§ WORK TO BE COMPLETED:
All pictures are to be dropped, and the remaining data set down exactly.

§ GIVEN MATERIAL:
"""

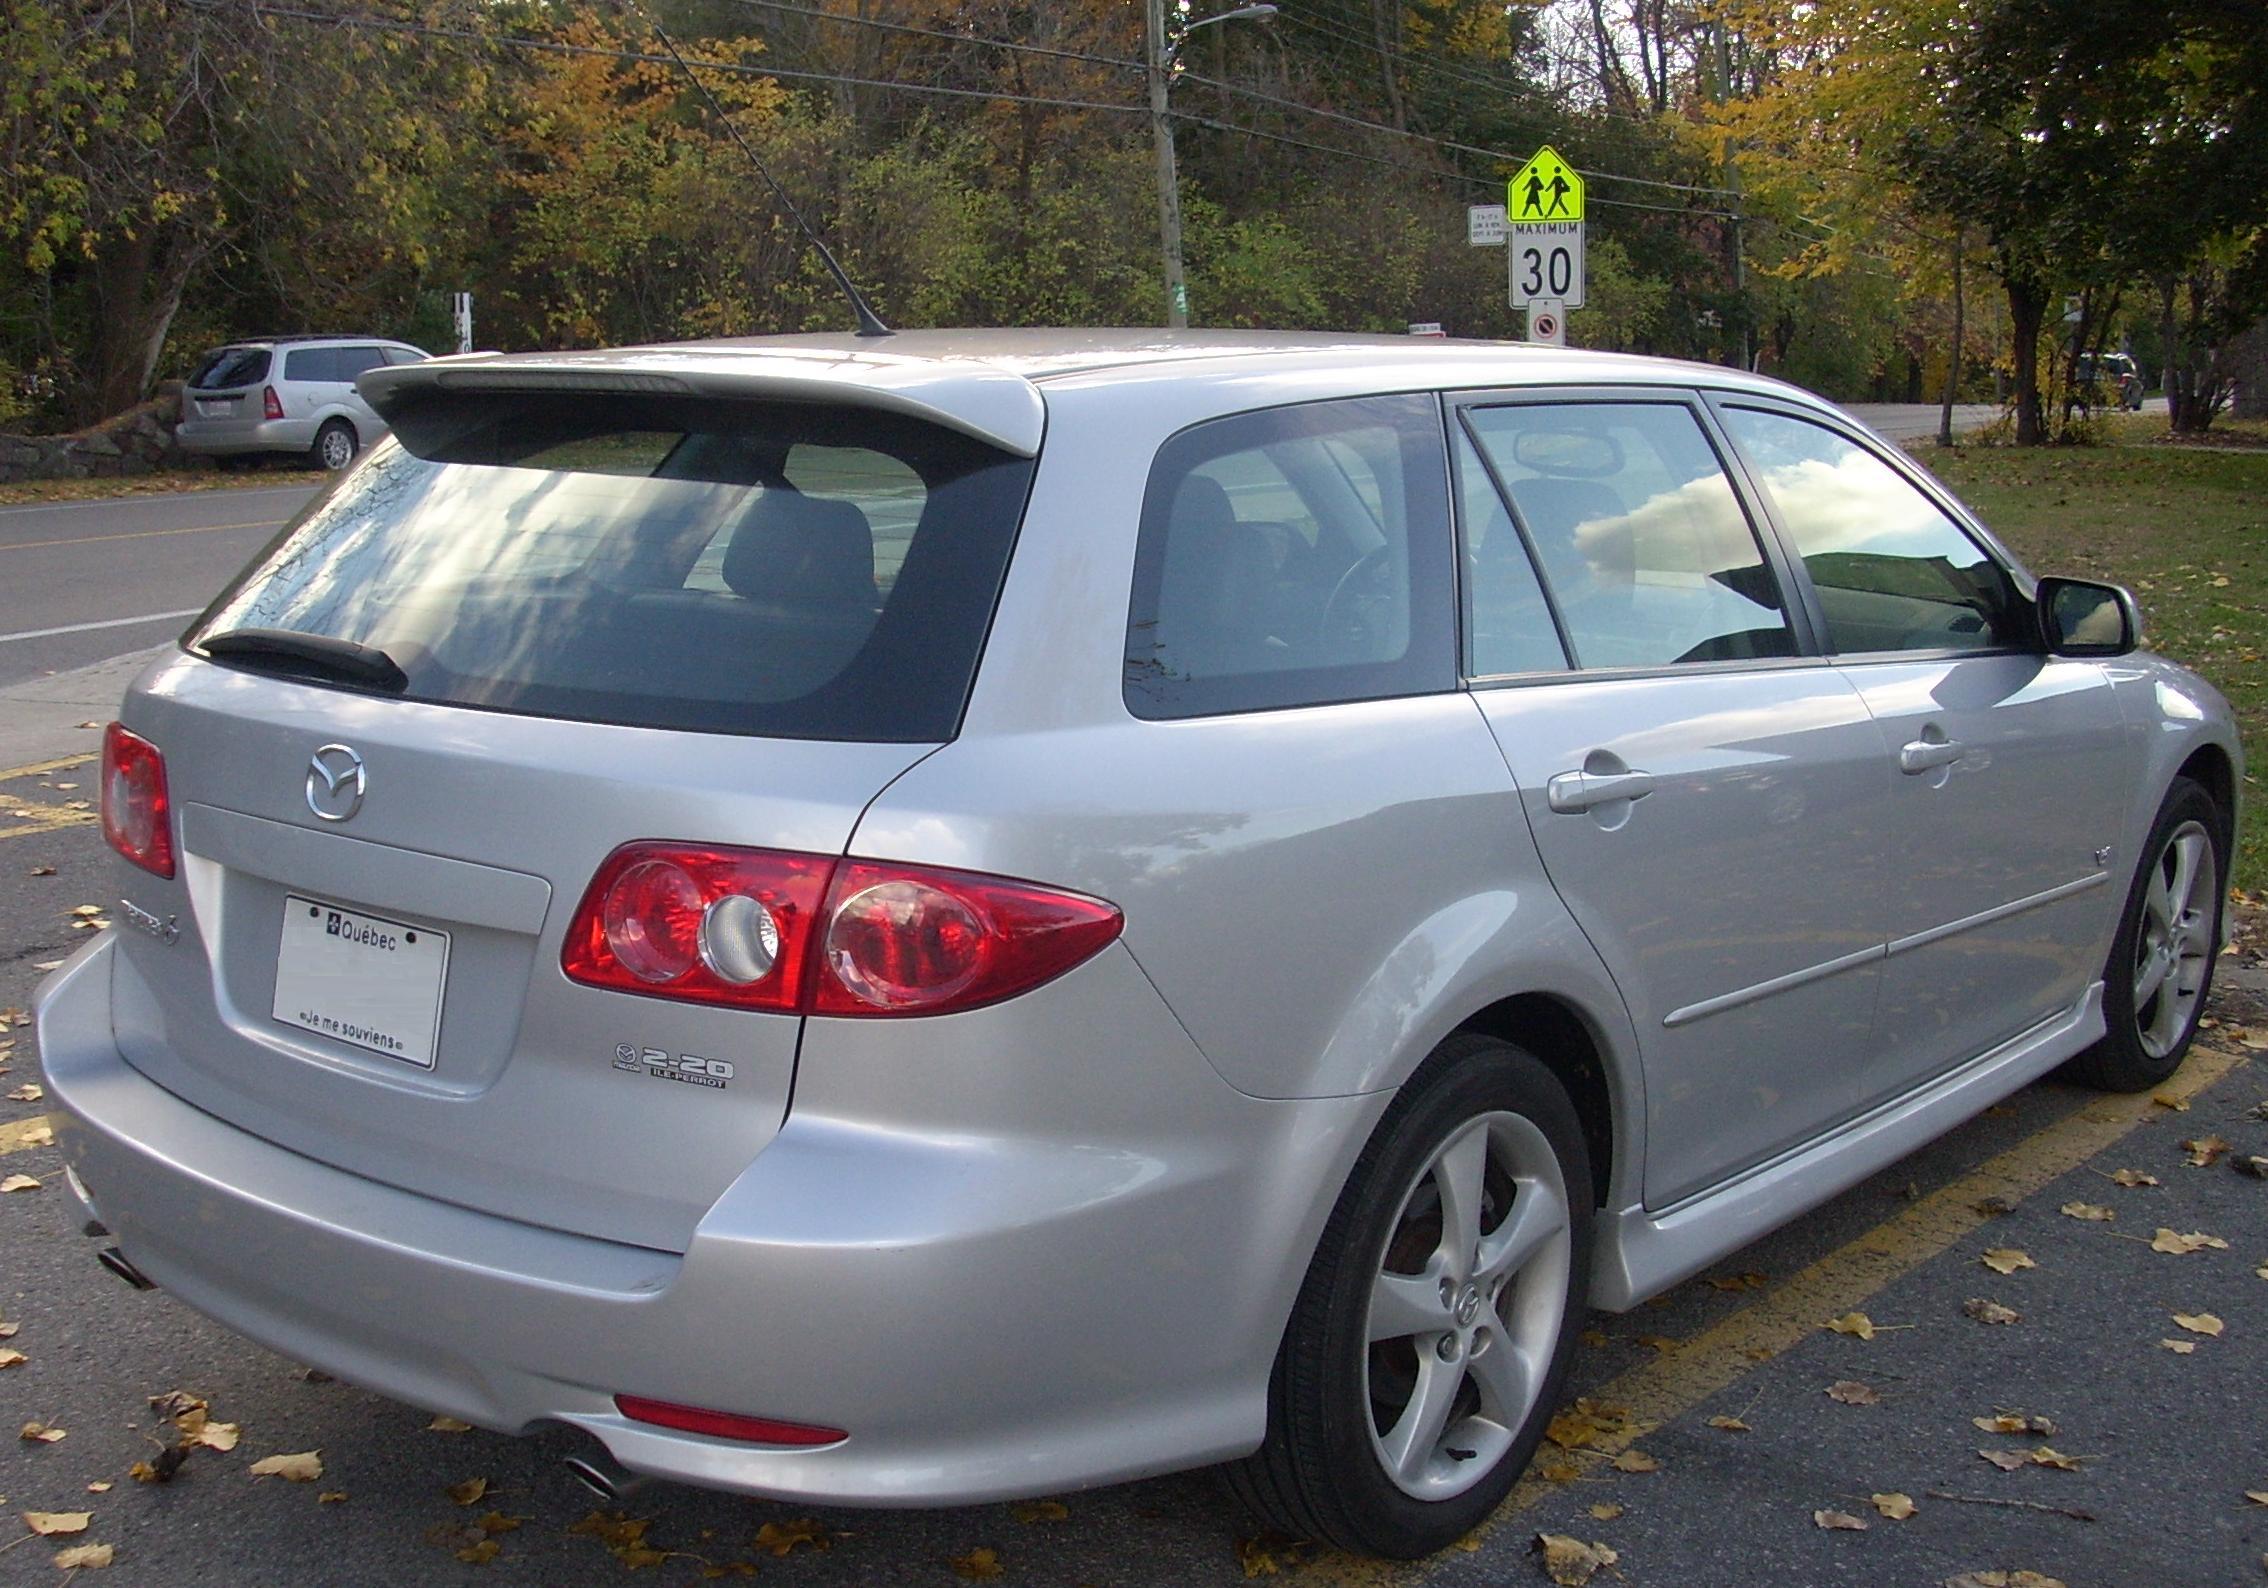 https://upload.wikimedia.org/wikipedia/commons/d/d6/%2703-%2705_Mazda_6_Wagon_V6.jpg
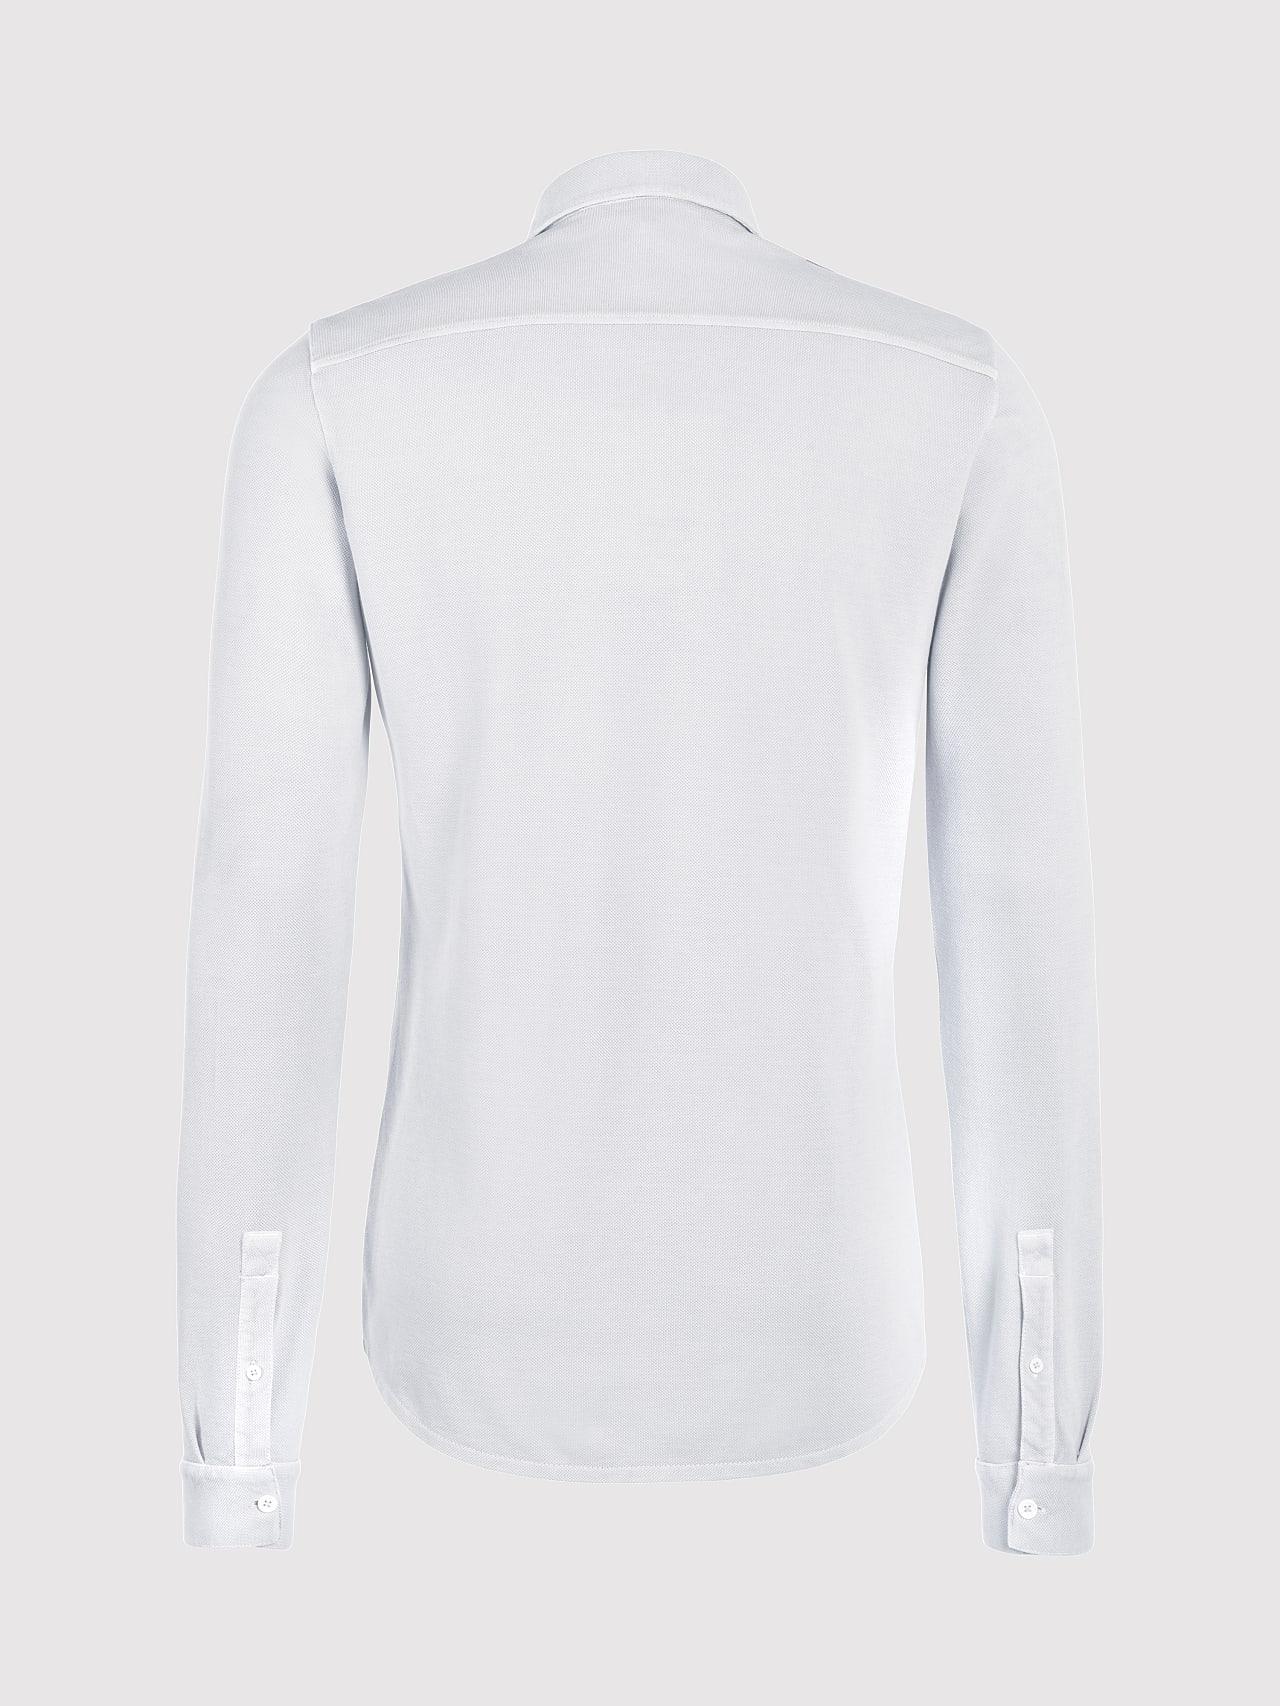 JIQUE V1.Y5.01 Pique Shirt with Kent Collar white Left Alpha Tauri
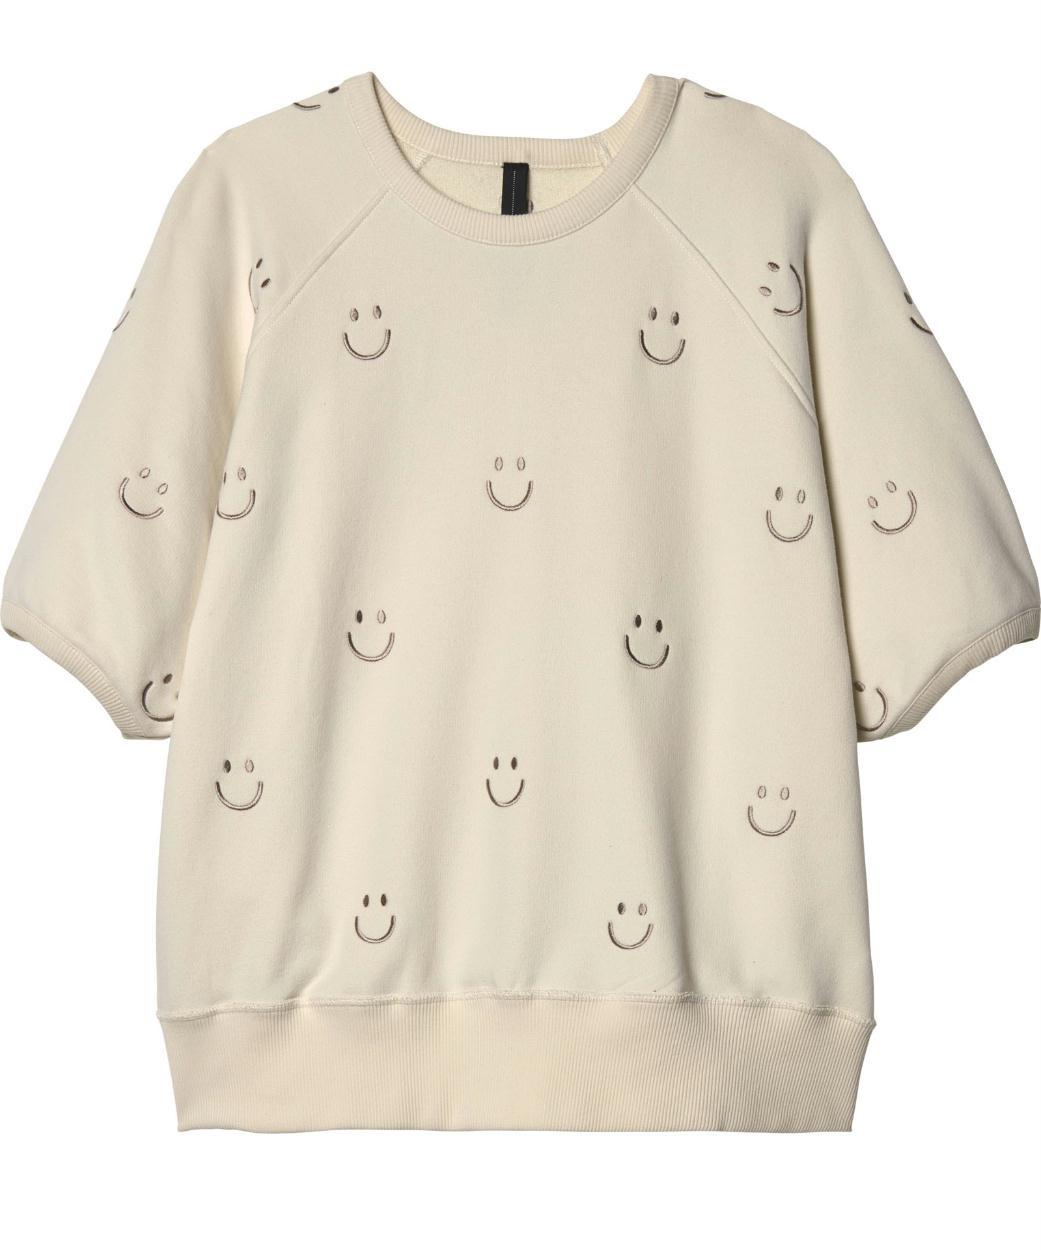 10Days Ecru Happy Sweater 20.809.9103

"""

§ RESPONSE TO THIS EXERCISE:
 https://upload.wikimedia.org/wikipedia/commons/d/d6/%2703-%2705_Mazda_6_Wagon_V6.jpg
 JIQUE V1.Y5.01 Pique Shirt with Kent Collar white Left Alpha Tauri
 10Days Ecru Happy Sweater 20.809.9103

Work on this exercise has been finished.